Results: We firstly used porous gelatin methacryloyl (Porous Gelma) hydrogel with pores size of 100 to 200 μm for 3D culture of passage 2, 4 and 6 ADSCs (P2, P4 and P6 ADSCs, respectively), and obtained their corresponding exosomes (Exo 2, Exo 4 and Exo 6, respectively). In vitro results showed Exo 2 outperformed both Exo 4 and Exo 6 in enhancing cell proliferation and attenuating apoptosis. However, both Exo 4 and Exo 6 promoted chondrogenesis more than Exo 2 did.
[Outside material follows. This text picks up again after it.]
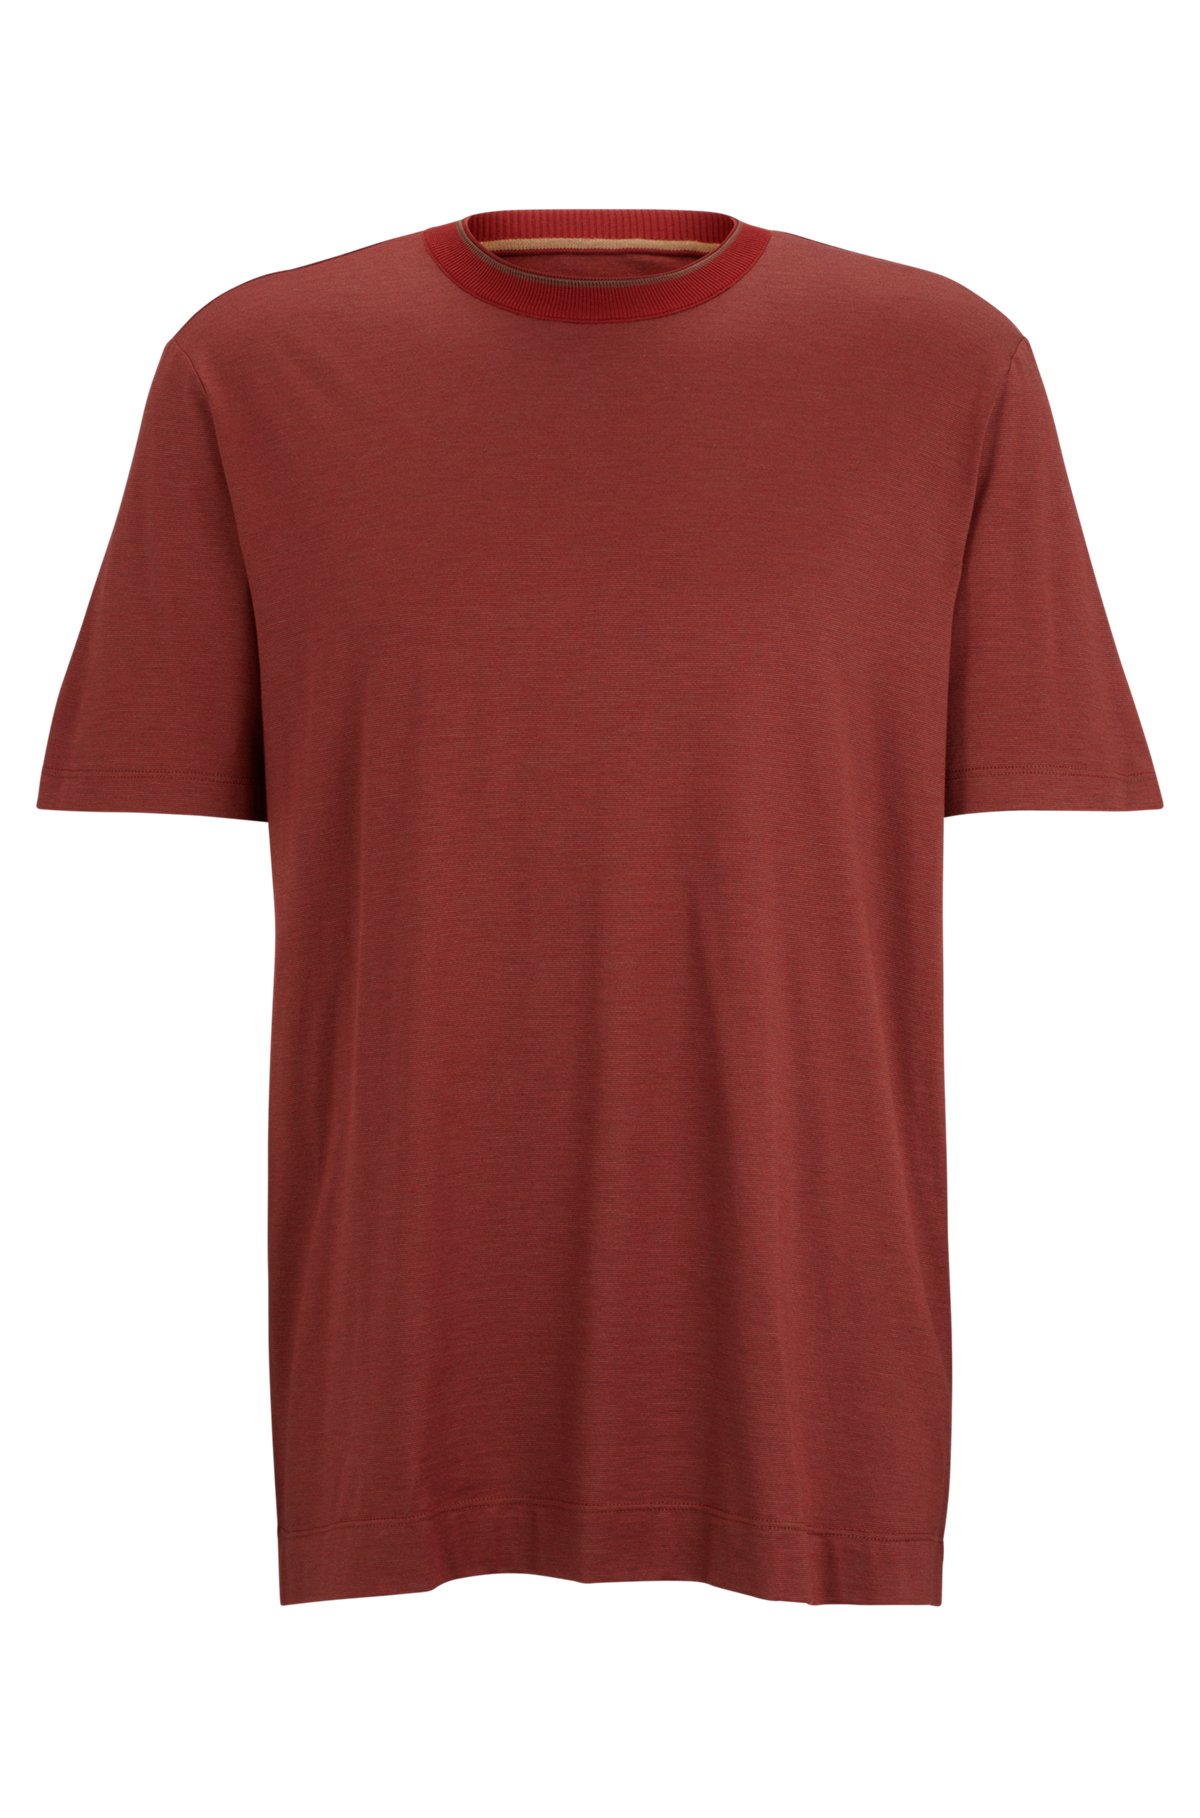 Cotton-silk T-shirt with fineline stripes and double collar, Red

Small RNA sequencing results indicated Exo 4 was similar to Exo 6 in small RNA profiles and consistently upregulated PI3K/AKT/mTOR signaling pathway. Notably, we found hsa-miR-23a-3p was highly expressed in Exo 4 and Exo 6 compared to Exo 2, and they modulated microtia chondrocytes by transferring hsa-miR-23a-3p to suppress PTEN expression, and consequently to activate PI3K/AKT/mTOR signaling pathway. Then, we designed genetically engineered exosomes by directly transfecting agomir-23a-3p into parent P4 ADSCs and isolated hsa-miR-23a-3p-rich exosomes for optimizing favorable effects on cell viability and new cartilage formation. Subsequently, we applied the engineered exosomes to in vitro and in vivo tissue-engineered cartilage culture and consistently found that the engineered exosomes could enhance cell proliferation, attenuate apoptosis and promote cartilage regeneration.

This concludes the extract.